**WHAT YOU SHOULD DO**.
Write out nothing except the lines of the entries below, from the first through the one containing "Padrao dos Descobrimentos,Lisbon,Portugal", exactly and without pictures.

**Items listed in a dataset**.
★ ★ ★ ★ ★

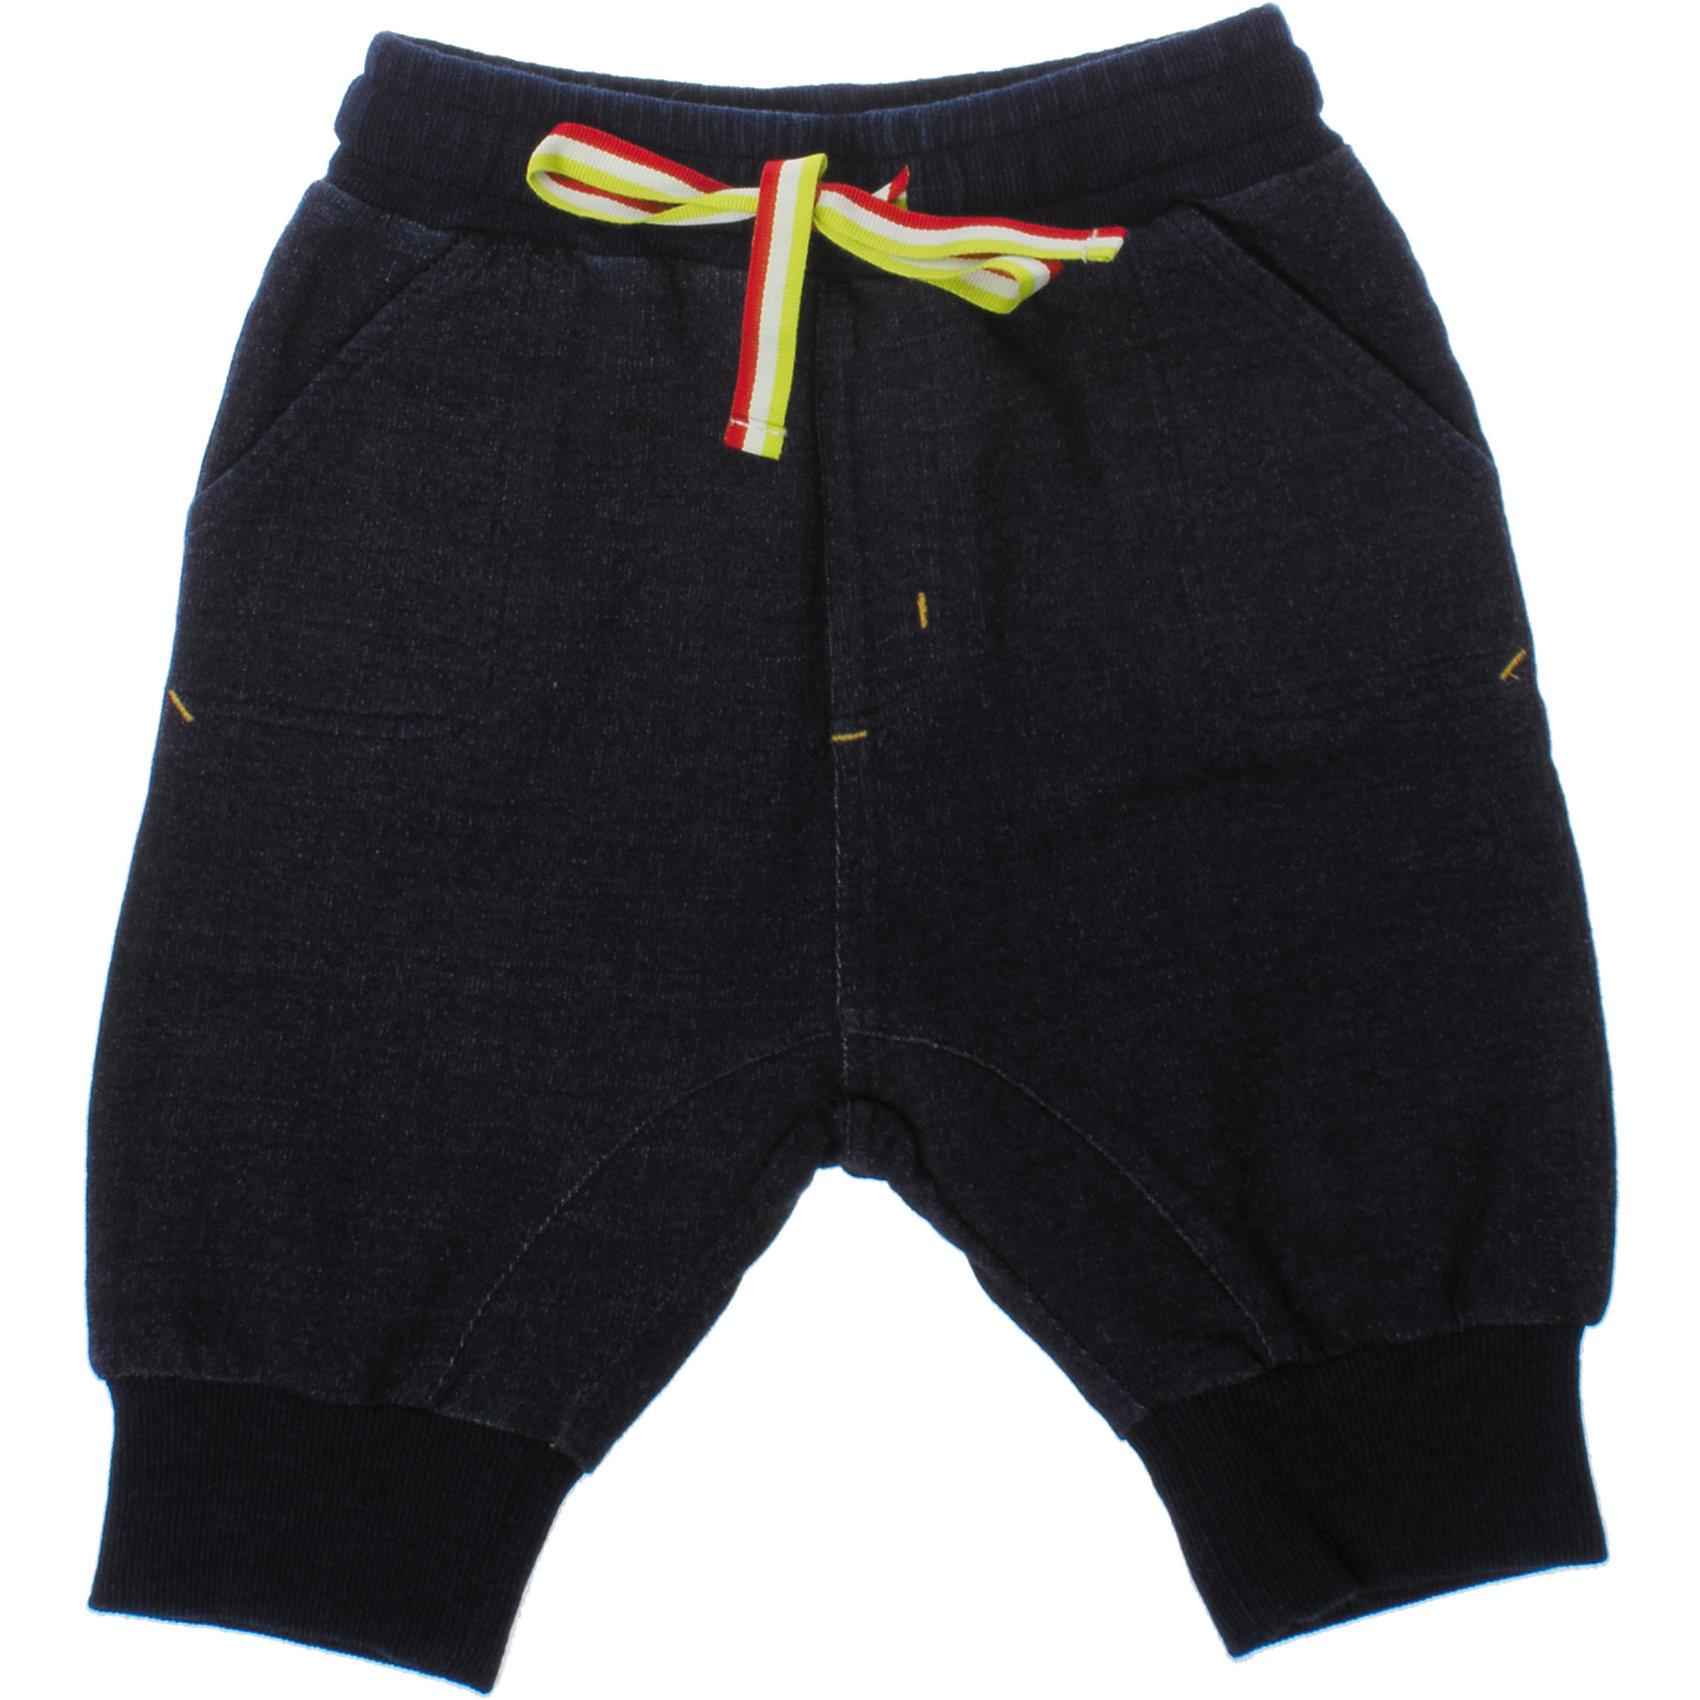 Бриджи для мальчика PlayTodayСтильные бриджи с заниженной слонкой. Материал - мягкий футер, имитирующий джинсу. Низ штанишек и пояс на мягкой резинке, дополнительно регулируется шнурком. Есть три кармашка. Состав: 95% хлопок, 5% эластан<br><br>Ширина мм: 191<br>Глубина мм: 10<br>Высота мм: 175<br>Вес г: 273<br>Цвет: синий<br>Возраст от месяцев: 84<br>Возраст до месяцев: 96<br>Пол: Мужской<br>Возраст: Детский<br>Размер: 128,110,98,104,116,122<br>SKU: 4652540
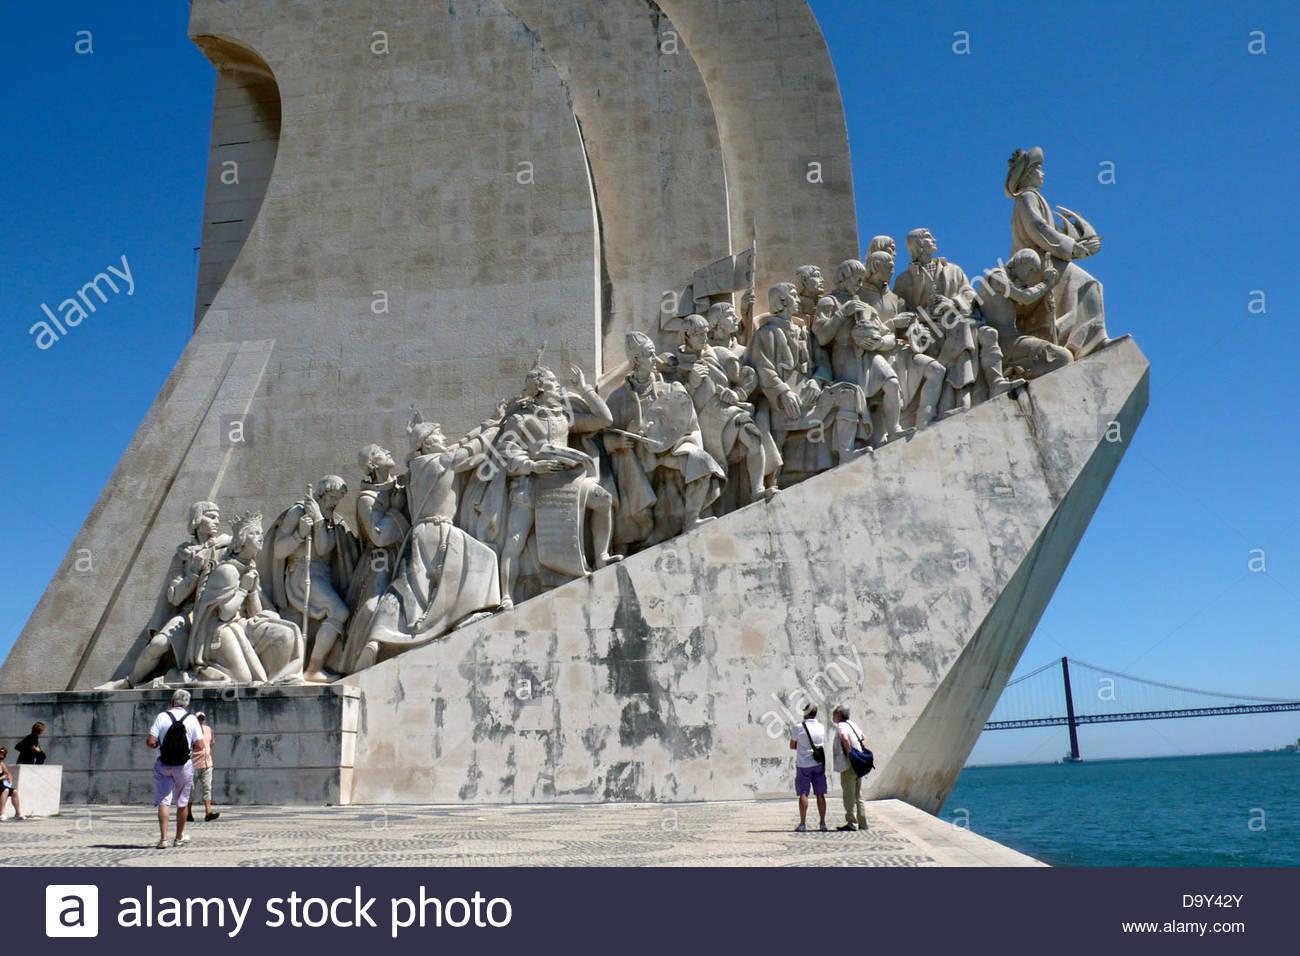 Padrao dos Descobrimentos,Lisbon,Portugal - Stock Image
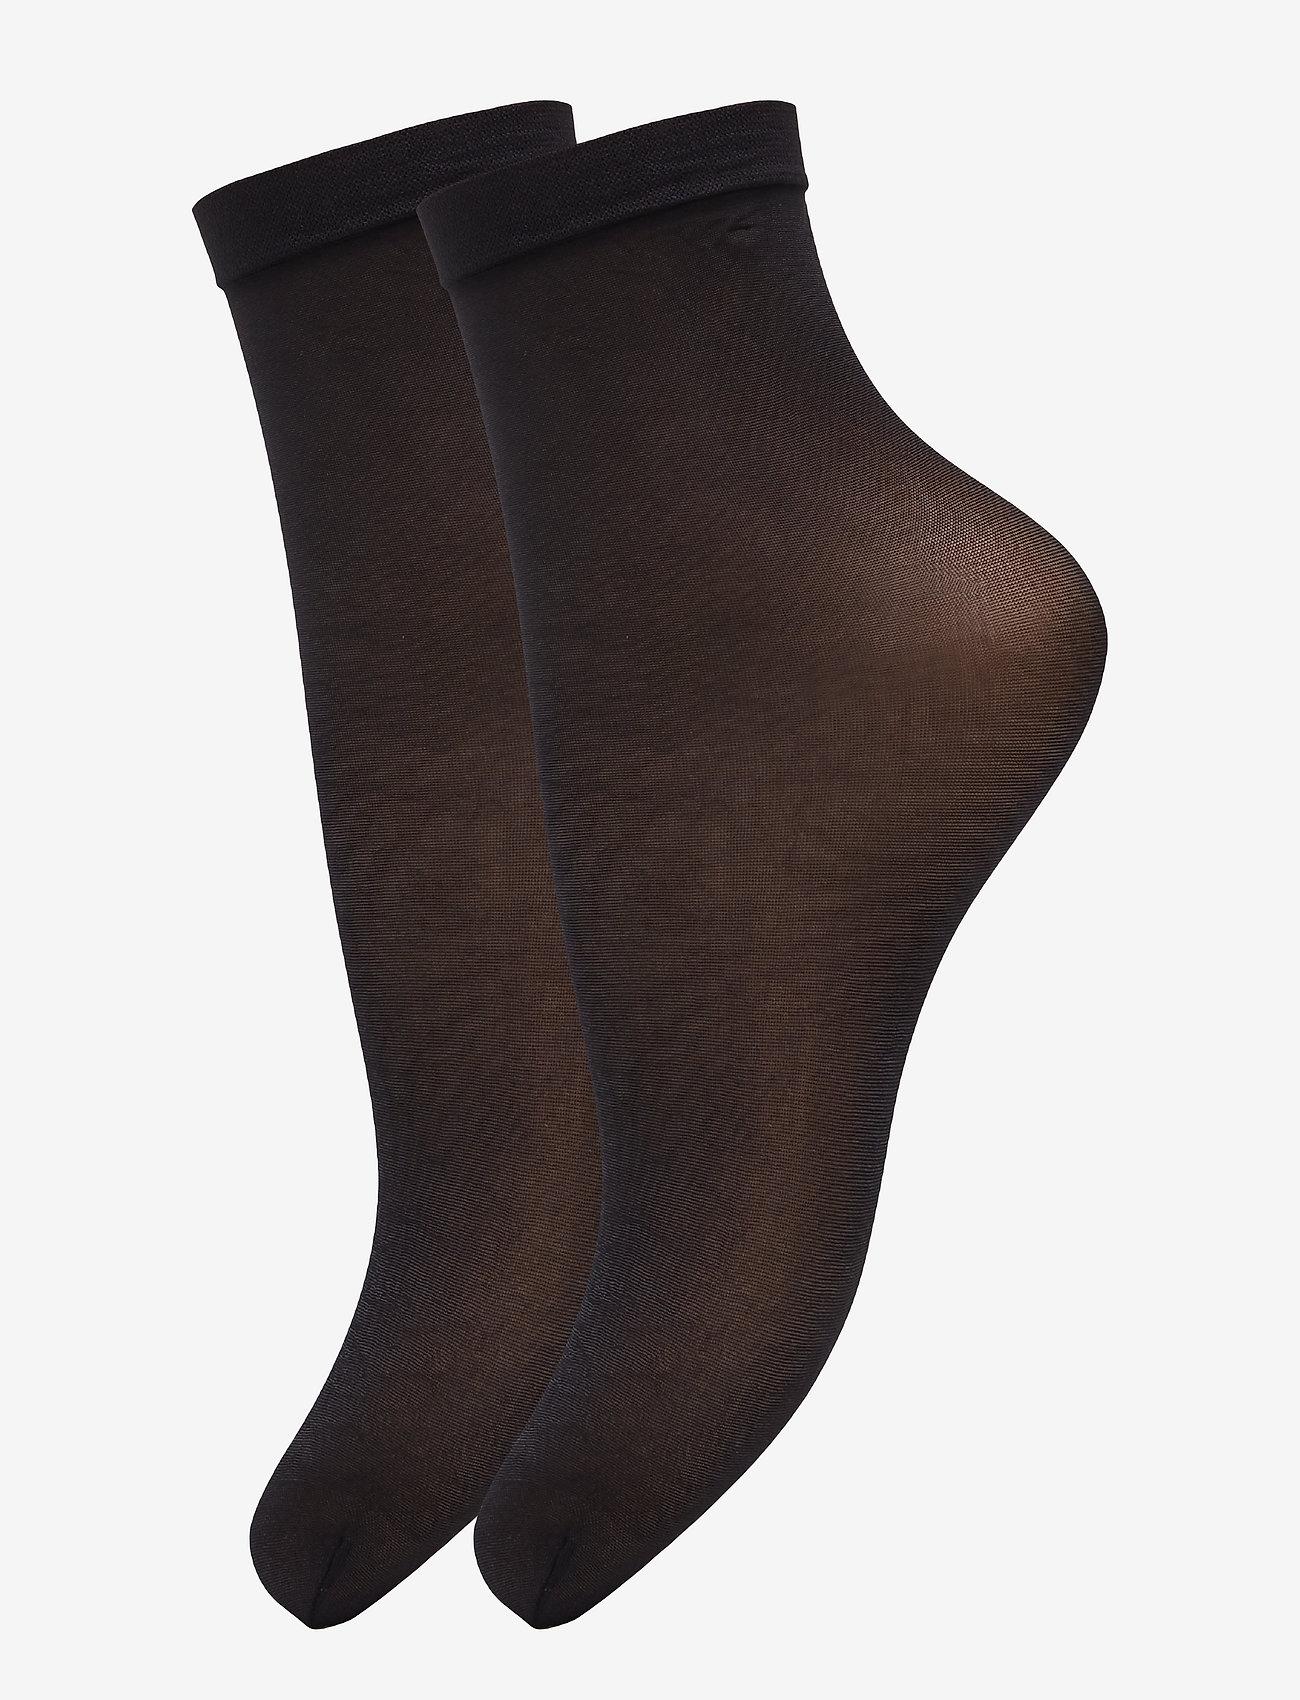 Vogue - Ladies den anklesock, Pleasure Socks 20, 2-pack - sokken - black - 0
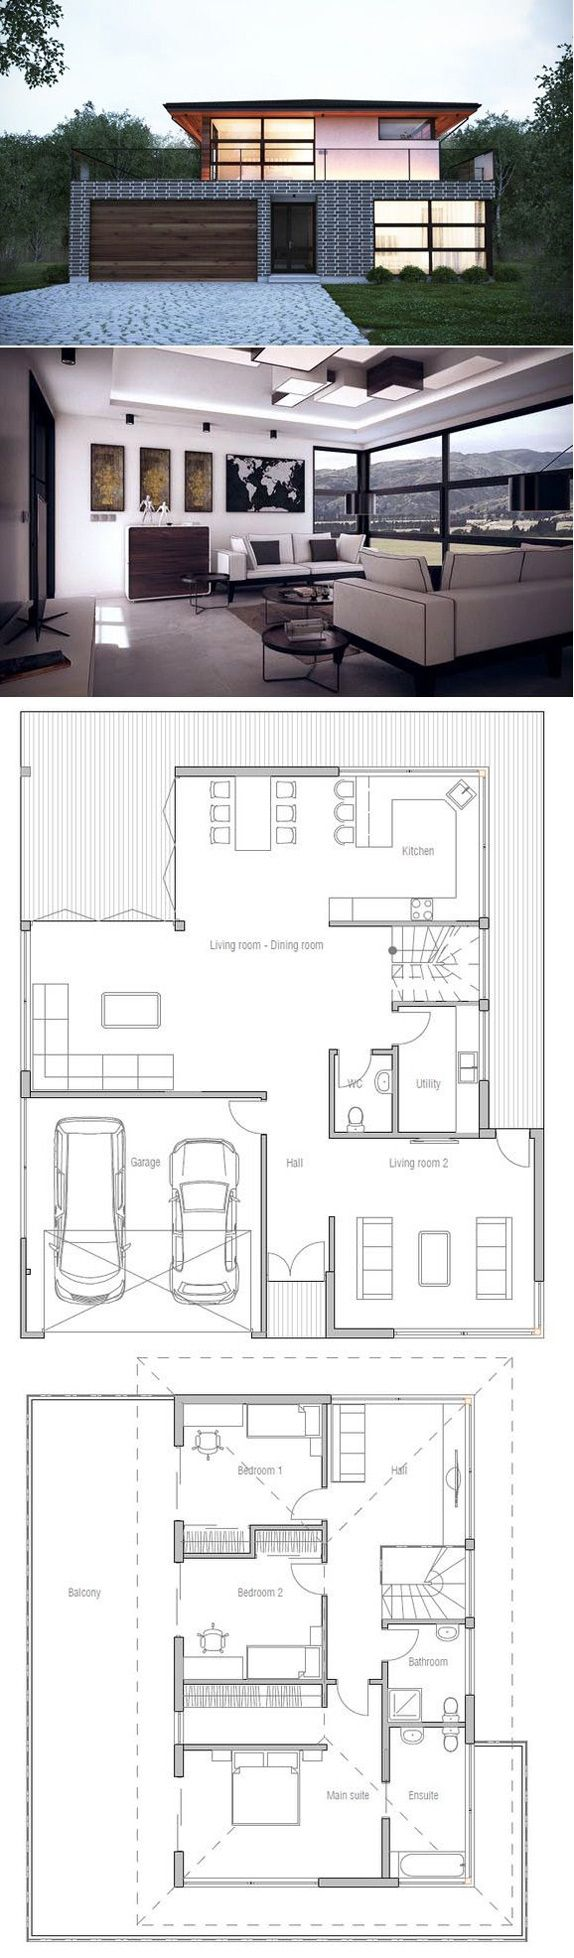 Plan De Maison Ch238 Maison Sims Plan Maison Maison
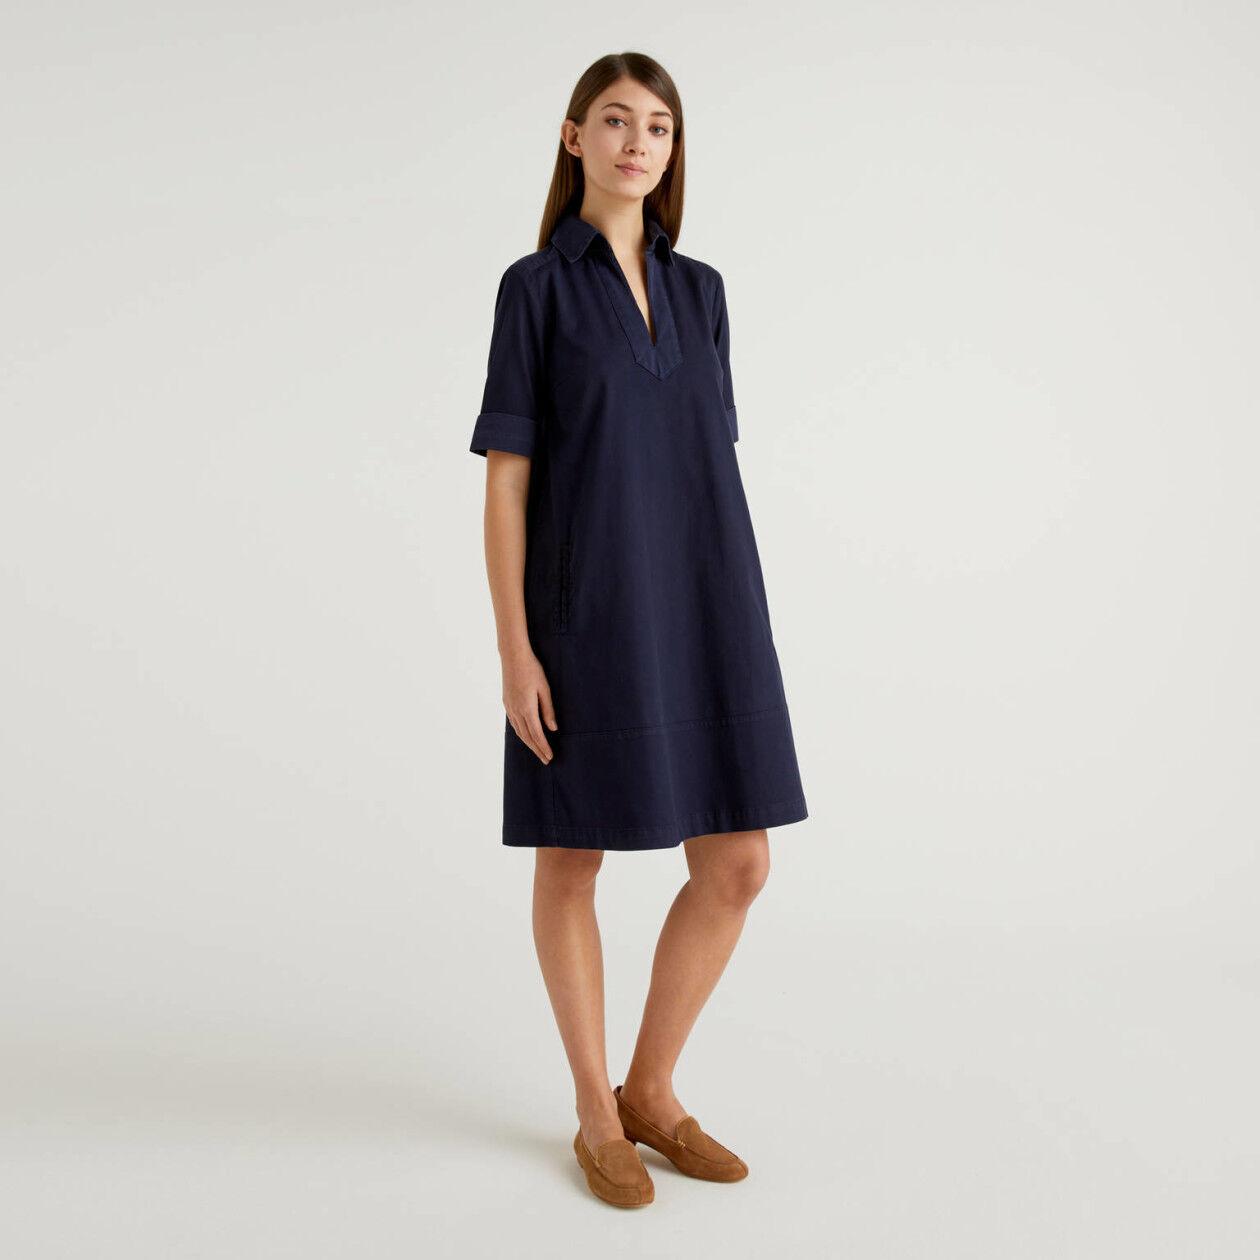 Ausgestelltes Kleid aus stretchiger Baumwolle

★ ★ ★ ★ ★

**TASK ANSWER**.
 Бриджи для мальчика PlayTodayСтильные бриджи с заниженной слонкой. Материал - мягкий футер, имитирующий джинсу. Низ штанишек и пояс на мягкой резинке, дополнительно регулируется шнурком. Есть три кармашка. Состав: 95% хлопок, 5% эластан<br><br>Ширина мм: 191<br>Глубина мм: 10<br>Высота мм: 175<br>Вес г: 273<br>Цвет: синий<br>Возраст от месяцев: 84<br>Возраст до месяцев: 96<br>Пол: Мужской<br>Возраст: Детский<br>Размер: 128,110,98,104,116,122<br>SKU: 4652540
 Padrao dos Descobrimentos,Lisbon,Portugal - Stock Image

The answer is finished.